SHOW ARCHIVE

Episode 475 • May 26, 2018

VIDEO ARCHIVE

Happy Memorial Day weekend. This weekend is considered the start of the summer season by many, though with the weather we have been having recently it seems like summer has been around for the last month or so. It has been great to sit in the garden, especially after the massive amount of pollen, and enjoy the extended days and warm evenings. We hope everyone has a great holiday weekend!

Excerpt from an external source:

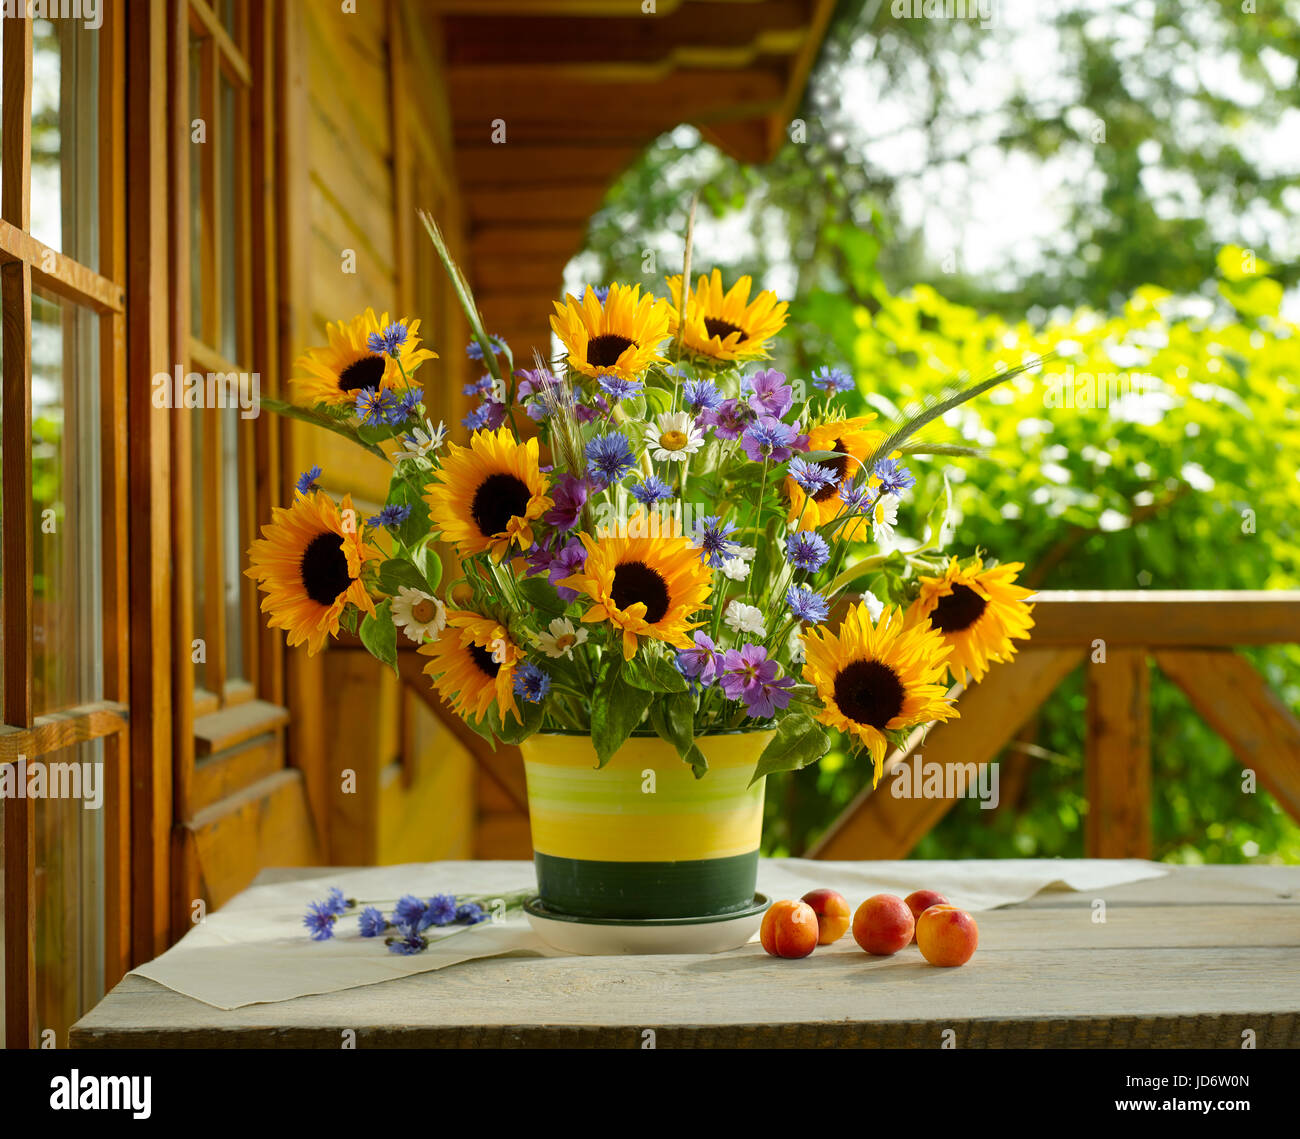 Bouquet of flowers with sunflowers. Stock Photo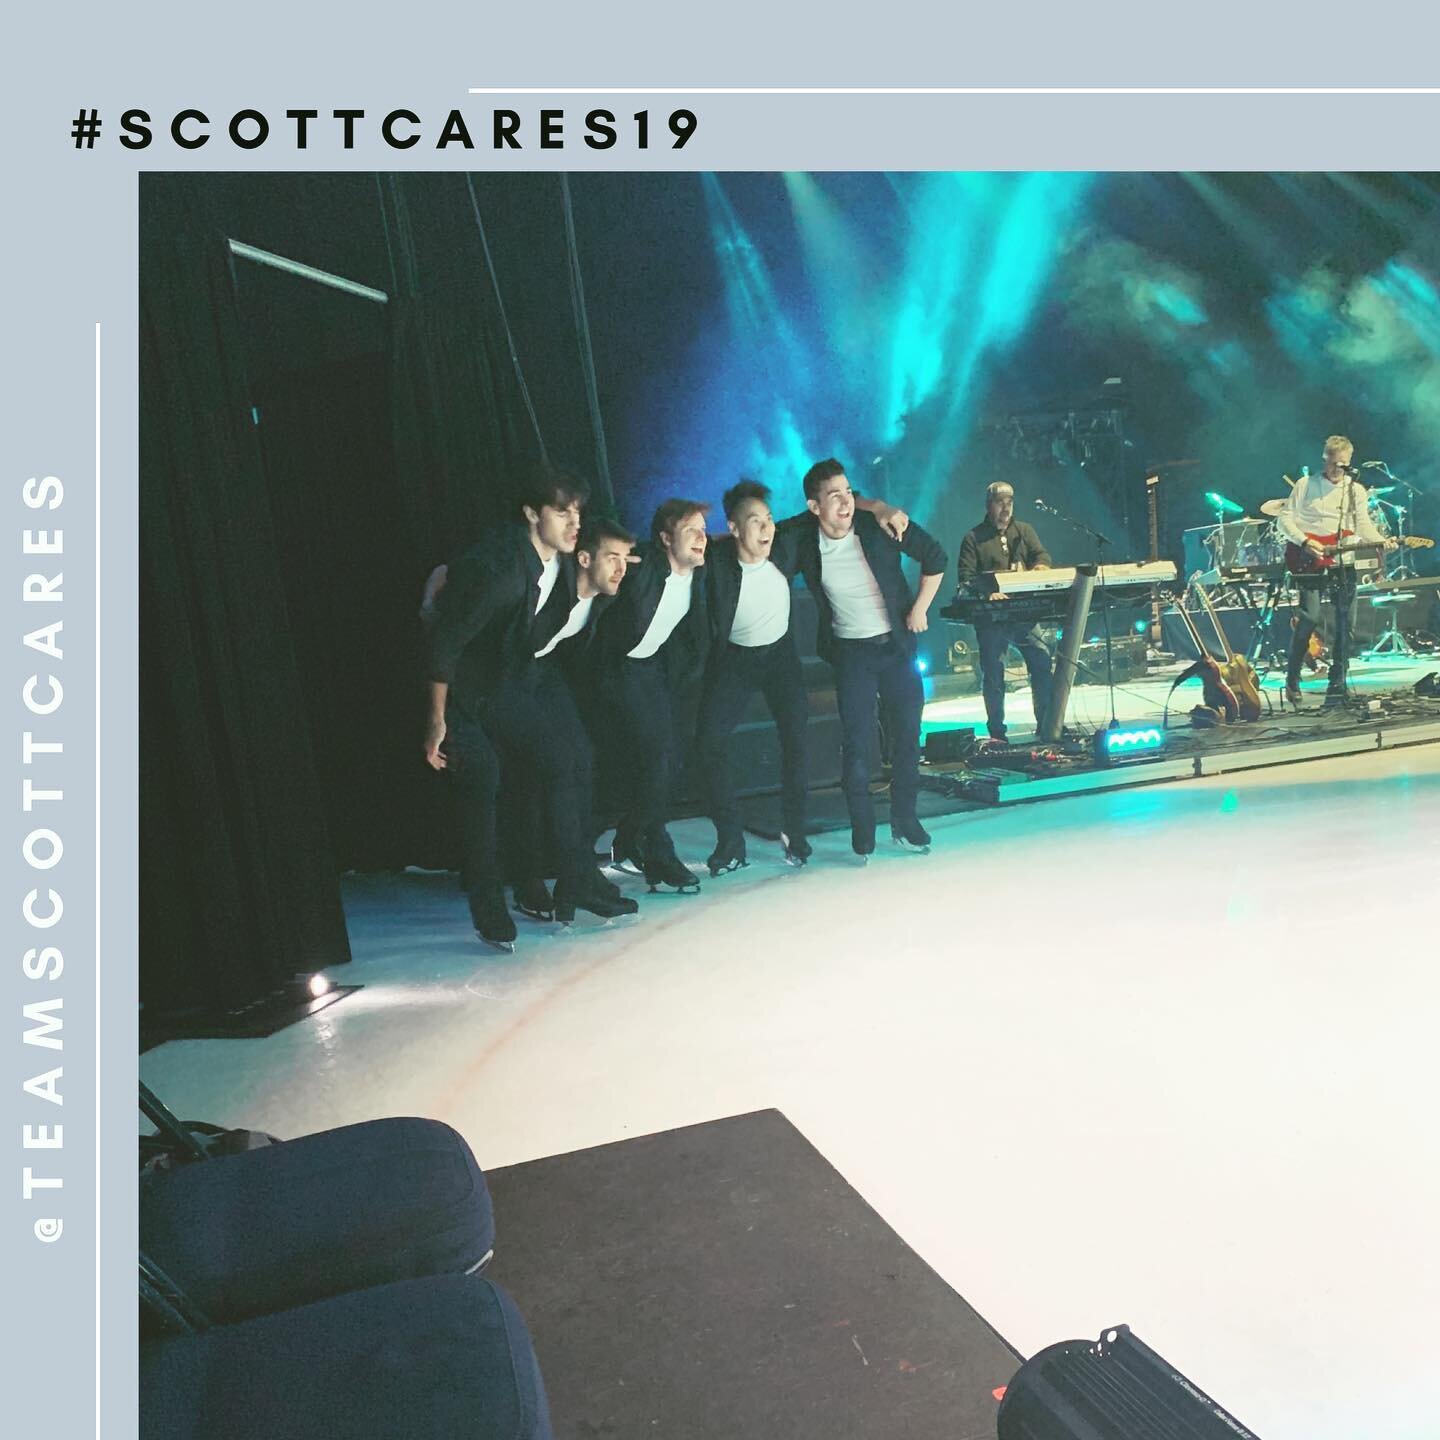 Another great year with @teamscottcares T-3 hours to Scott Hamilton &amp; Friends at Bridgestone arena! Come on out and experience the magic! #scottcares19 #byecancer #35thanniversary🥇#fundraisershow #kennyloggins #footloose1984 #livemusic #figuresk

Another event that marks the beginning of the summer is Subaru Garden Dayz! Join us next Saturday, June 2nd, for a great Salem area gardening event. We will have free plants (while they last), free hot dogs and sodas, 10 garden vendors and a planting area for the kids. It is taking place at Capitol Subaru on the Parkway, from 11-3. We will see you there!!

This week we featured...

Conifer Kingdom Maples

Conifer Kingdom Maples

We recently found a local grower called Conifer Kingdom (503-874-4123), but little did we know they are also a big grower of Japanese maples, and some of them are really cool and unique. Sam met us in the nursery to show us a few that they carry and grow. The first one he had for us was ‘Koto no ito’, which means ‘beautiful harp strings’. This one has a very fine textured green foliage that look like harp strings. It also turns a nice yellow in the fall. The second one was a new variety from the Netherlands called ‘Taylor’. The new growth shows up as hot pink and stays that way for a while. If you give it a little shade or as the summer progresses it will get more green in the leaves. The third tree was a ‘bat wing’ maple called ‘Usugumo’. The reason for the name is the leaves that resemble a bat’s wing with a webbing on the leaves with a dappled variegation throughout the leaves. The next tree was a favorite and one that you may have heard of before called ‘Autumn Moon’. It has a bright orange leaf in the full sun and if you give it some shade it turns a lime green. The fifth tree was one called ‘Rainbow’. This one has a great mix of purple and burgundy in the leaves in full sun. In the shade you get more green in the leaves. This one only gets about 5 feet tall and is great for containers. The final tree was one called ‘Kuro Hime’ which is translated to ‘Black Princess’. This one is a short one that has a globe shape to it. The foliage is green, but when the new growth pops out it is a peachy/orange color, and the fall color is a bright orange/red.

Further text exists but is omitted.